Las campañas electorales traen esos lavados de cara, superficiales, del sistema y sus representantes políticos. Es un particular lavado, porque ensucia con una burda capa de maquillaje la decrepitud de un estado de las cosas por el que los años no pasan con dignidad, sino todo lo contrario. Y al fin, lo que queda tras cada “fiesta de la democracia” es una dilatada resaca de sonrisas y lágrimas complacientes. Así se presentaba el verano tras el 23J en España, como una prórroga interminable de la contienda electoral, en la que Feijóo, Sánchez, Abascal, Díaz y compañía habrían de seguir lavando y maquillando el rostro del capitalismo unos meses más. Sin embargo, el viejo sistema ya no se anda con remilgos, y no duda en mostrar su rostro tal cual es: estúpido, voraz, asesino.
Pocos rostros han retratado mejor el machismo de un sistema y de una institución en particular que el de Luis Rubiales —ya expresidente de la Real Federación de Fútbol de España—. Su risa desatada bailando con una mirada frenética que no va a ninguna parte tras besar sin consentimiento a la jugadora Jennifer Hermoso, son la expresión del caudillo que se comporta con la naturalidad de quien sabe que el sistema le ampara. Todo Rubiales es tan grotesco como el panorama del fútbol en España, un negocio convertido —y protegido por la ley— en una red clientelar, un nido de corrupción y un ámbito donde convergen los grandes intereses empresariales del país. Rubiales, su rostro desencajado, es la representación real, el paroxismo, del negocio del deporte bajo el capitalismo, y de los valores que promueve: individualismo, mentira, machismo.

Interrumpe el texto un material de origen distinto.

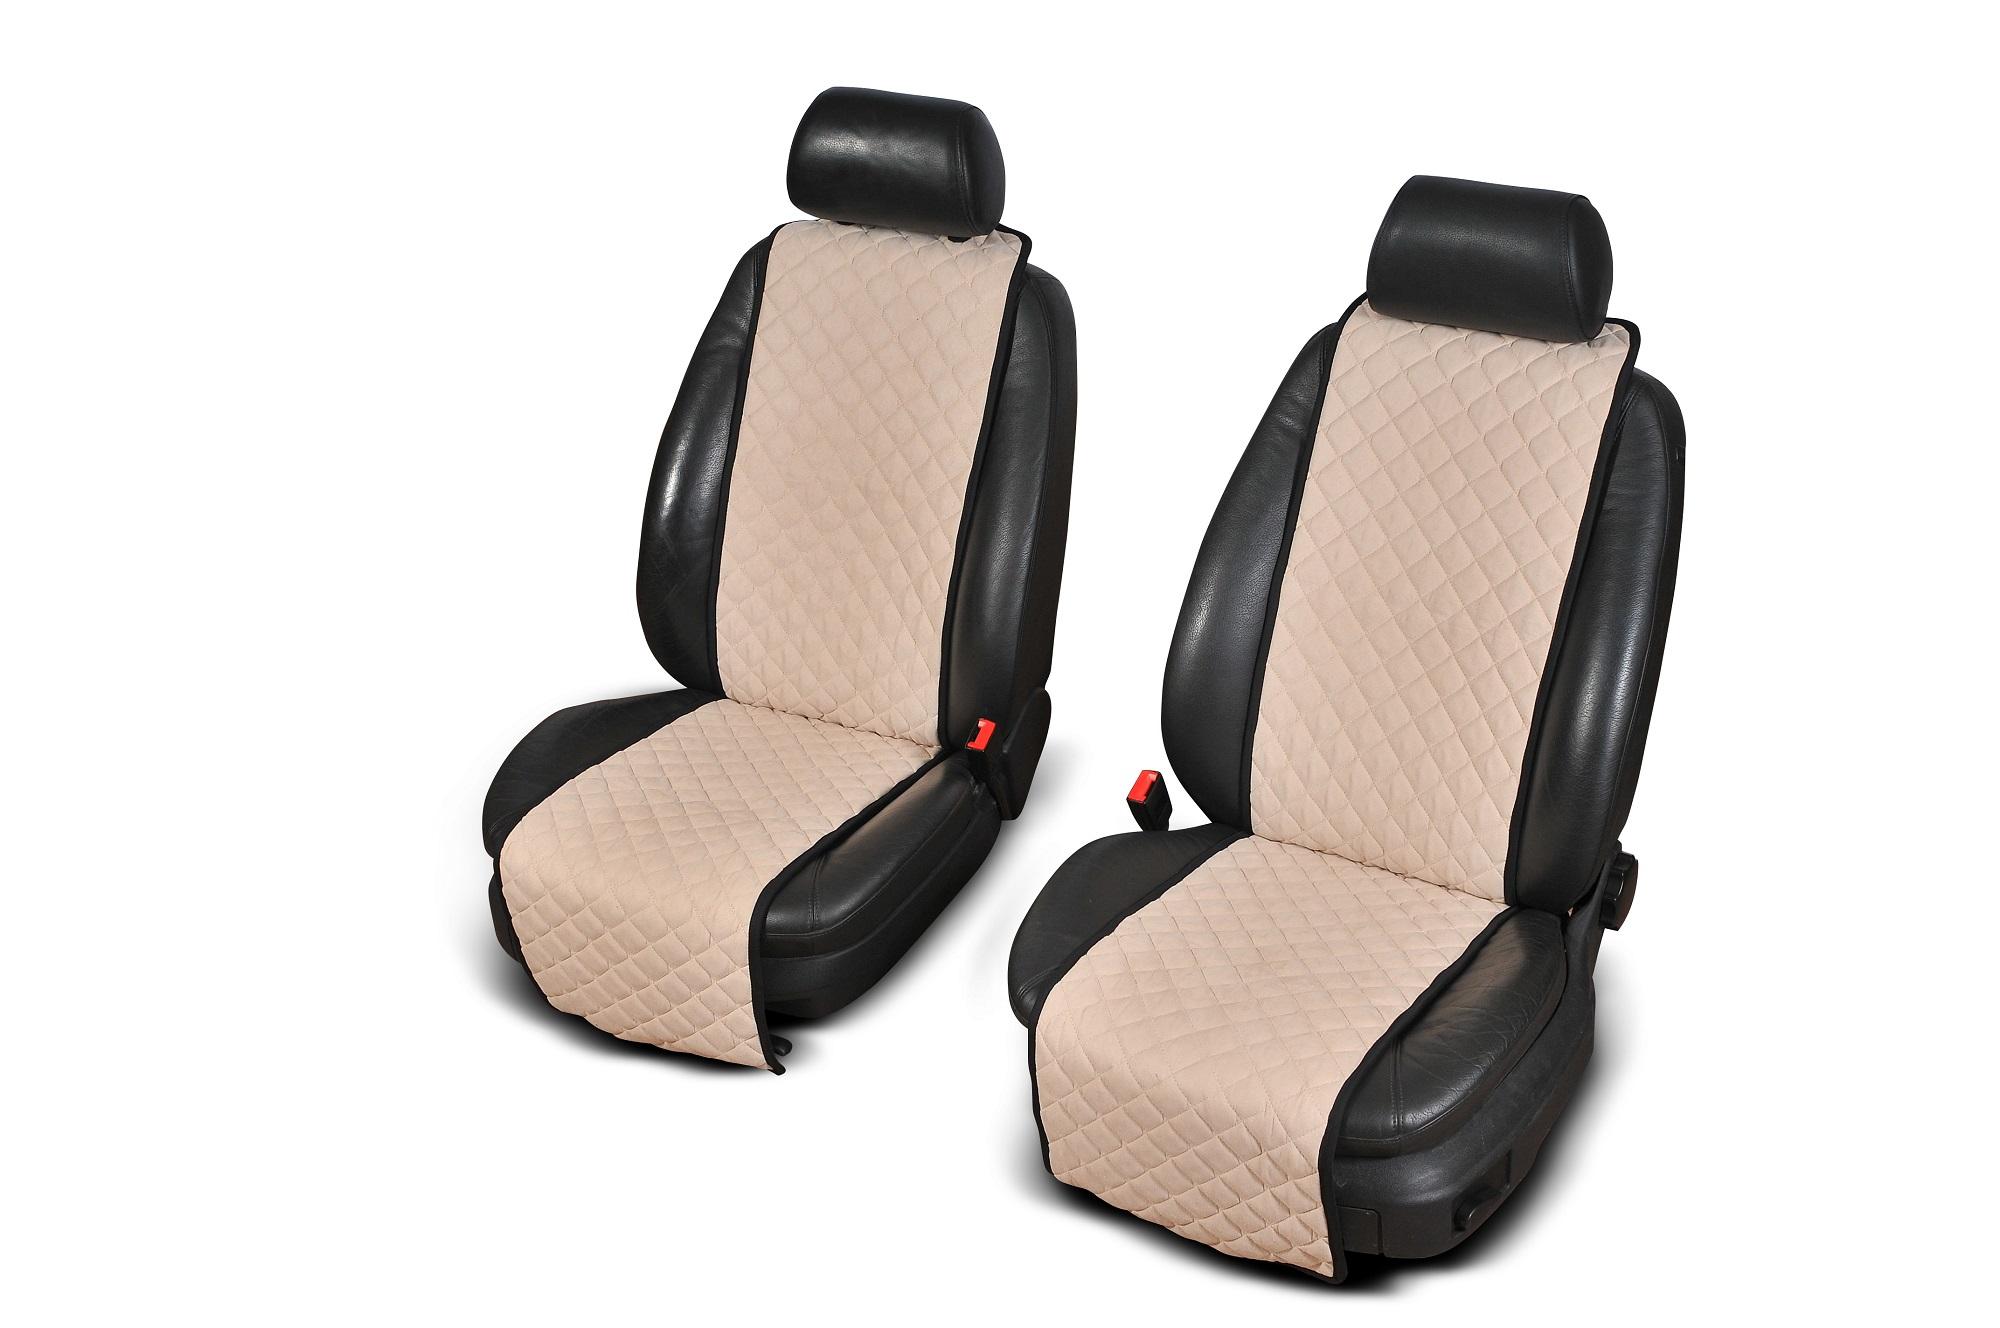 Autopotahy Cantra - Standardní. 2x autopotahy na přední sedadla Barva: Růžová

La noche del 23 al 24 de junio, cuando en España comenzaba la larga resaca electoral, en Rusia se fraguaba el motín del grupo de mercenarios Wagner contra el gobierno de Putin. La asonada no pasó de veinticuatro horas, dejando más dudas que certezas, pero entre las certezas había una bastante predecible, la de que el futuro de los líderes de Wagner era incierto. Dos meses después, los dos rostros más conocidos del grupo de mercenarios, sus líder Yevgueni Prigozhin, y su fundador, el neonazi Dimitri Utkin, perecieron tras ser derribado el avión en el que viajaban. Son los rostros de la barbarie imperialista de una Rusia convertida en lo contrario de lo que fue tras el triunfo de la Revolución de Octubre de 1917 y durante los años de la Unión Soviética.
Los rostros como emblemas. Y como reciente emblema de mucho de lo que significa el capitalismo estadounidense: el rostro de Donald Trump fotografiado para su ficha policial. El gesto ridículo de desafío, casi una caricatura de archivillano de cómic. Es fácil caer en la tentación de tomárselo a broma, pero resulta paradójico que aquello que aparentemente debería debilitar la imagen de un representante político en el capitalismo sea precisamente lo que le hace más capaz y más óptimo para prosperar en esa obscenidad de competición por el poder que en el capitalismo, ya lo decíamos, llaman “fiestas de la democracia”.
Y todavía hay quien se empeña en hacer creer en aquello de un capitalismo de rostro humano.